Conference Proceeding

Granted, the conference proceeding is less impressive as a result of IEEE being available via SFX (although, in this case, it’s getting the link from our catalog) and the fact that I’m having less luck with SPIE conferences (they’re being found, but I’m having some problems zeroing in on the correct volume — more on that in a bit), but I think that since this is the result of < 14 days of development time, it isn't a bad start. Now on to what it's doing. If the item is a "book", it queries our catalog for ISBN; asks xISBN for other matches, queries our catalog for that; does a title/author search; does a conferenceName/title/year search. If there are matches, it then asks the opac for holdings data. If the item is either not held or not available, it does the same to our consortial catalog. Currently it’s doing both, regardless, because I haven’t worried about performance.

It checks the catalog via SRU and tries to fill out the OpenURL ContextObject with more information (such as publisher and place). This would be useful to then export into a citation manager (which most link resolvers have fairly minimal support for). While it has the MODS records, it also grabs LCSH and Table of Contents (if they exist). When I find an item with more data, I’ll grab it as well (such as abstracts, etc.).

It then queries Amazon Web Services for more information (editorial content, similar items, etc.).

It still needs to check SFX, but, unfortunately, that would slow it down even more.

For journals, it checks SFX first. If there’s no volume, issue, date or article title, it will try to get coverage information. Unfortunately, SFX’s XML interface doesn’t send this, so I have to get this information from elsewhere. When I made our Ejournal Suggest service, I had to create a database of journals and journal titles and I have since been adding functionality to it (since I am running reports from SFX for titles and it includes the subject associations, I load them as well — it includes coverage, too, so including that field was trivial). So when I get the SFX result document back, I parse it for its services (getFullText, getDocumentDelivery, getCitedBy, etc.) and if no article information is sent, I make a web service request to a little PHP/JSON widget I have on the Ejournal Suggest database that gets back coverage, subjects and other similar journals based on the ISSN. The ‘other similar journals’ are 10 (arbitrary number) other journals that appear in the same subject headings, ordered by number of clickthroughs in the last month. This doesn’t appear if there is an article, because I haven’t decided if it’s useful in that case (plus the user has a link to the ‘journal level’ if they wish).

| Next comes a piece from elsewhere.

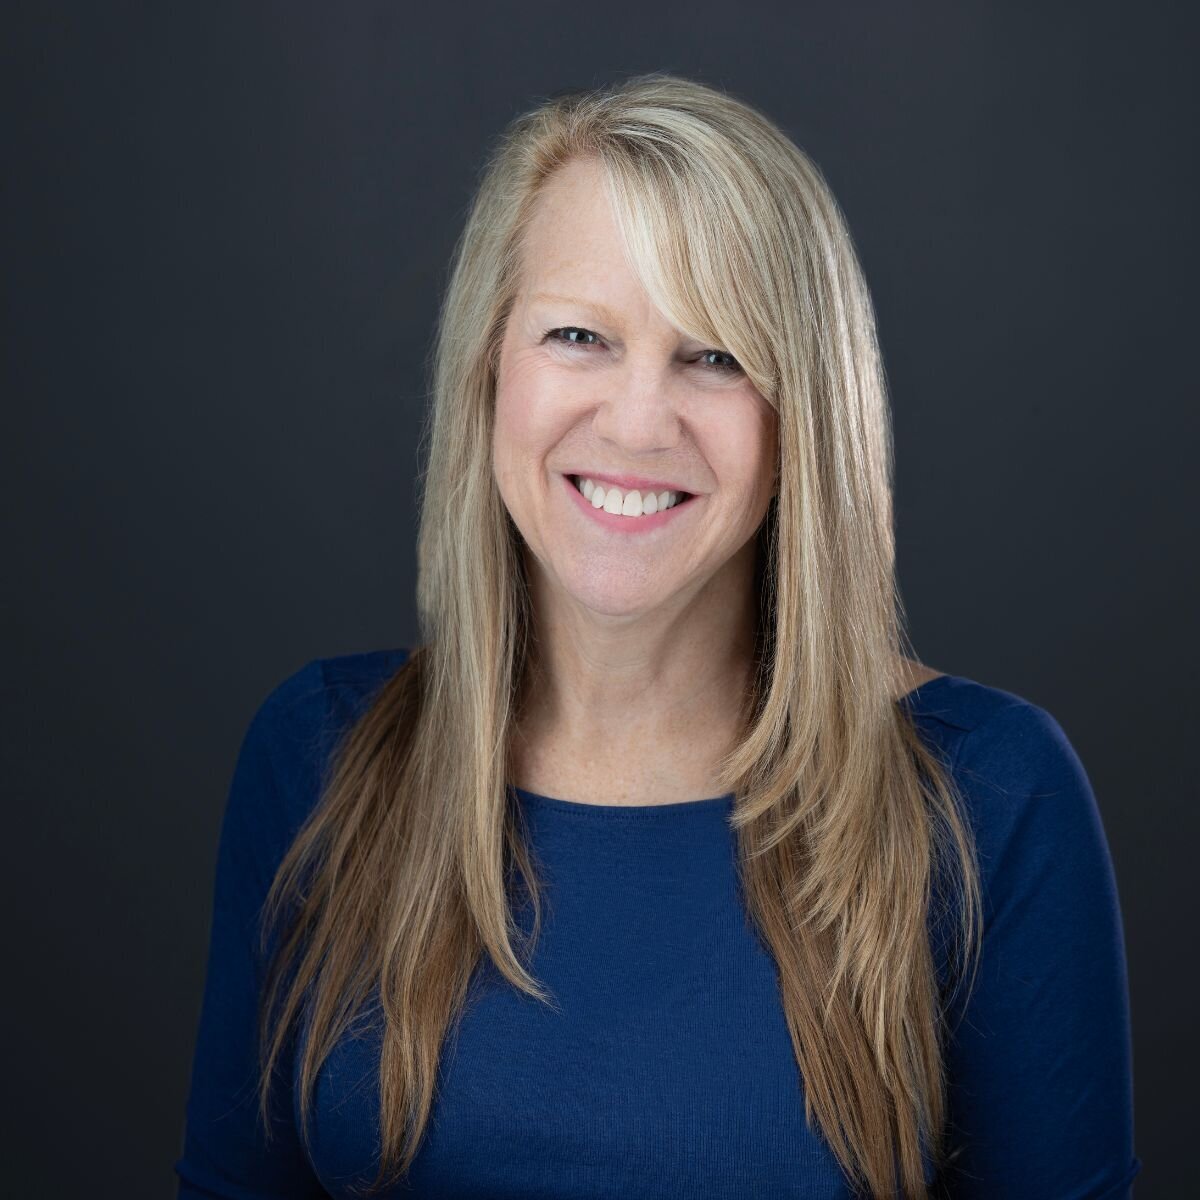 A headshot with a dark grey background of a woman with blond hair and smiling big at the camera. She is wearing a blue shirt and projecting confidence and approachability. Photo by sacramento headshot photographer, philippe studio pro.

Umlaut then asks the opac for holdings and tries to parse the holdings records to determine if a specific issue is held in print (this works well if you know the volume number — I have thought about how to parse just a year, but haven’t implemented it yet). If there are electronic holdings, it attempts to dedupe.

There is still a lot more work to do with journals, although I hope to be able to implement this soon. The getCitedBy options will vary from grad students/faculty to undergrads. Since we have very limited seats to Web of Science, undergraduates will, instead, get their getCitedBy links to Google Scholar. Graduate students and faculty will get both Web of Science and Google Scholar. Also, if no fulltext results are found, it will then go out to the search engines to try to find something (whether it finds the original item or a postprint in or something). We will also have getAbstracts and getTOCs services enabled so the user can find other databases that might be useful or table of content services, accordingly. Further, I plan on associating the subject guides with SFX Subjects and LCC, so we can make recommendations from a specific subject guide (and actually promote the guide a bit) based, contextually, by what the user is already looking at. By including the SFX Target name in the subject items (which is an existing field that’s currently unused), we could also match on the items themselves.
The real value in umlaut, however, will come in its unAPI interface. Since we’ll have Z39.88 ContextObjects, MODS records, Amazon Web Services results and who knows what else, umlaut could feed an Atom store (such as unalog) with a whole hell of a lot of data. This would totally up the ante of scholarly social bookmarking services (such as Connotea and Cite-U-Like) by behaving more like personal libraries that match on a wide variety of metadata, not just url or title. The associations that users make can also aid umlaut in recommendations of other items.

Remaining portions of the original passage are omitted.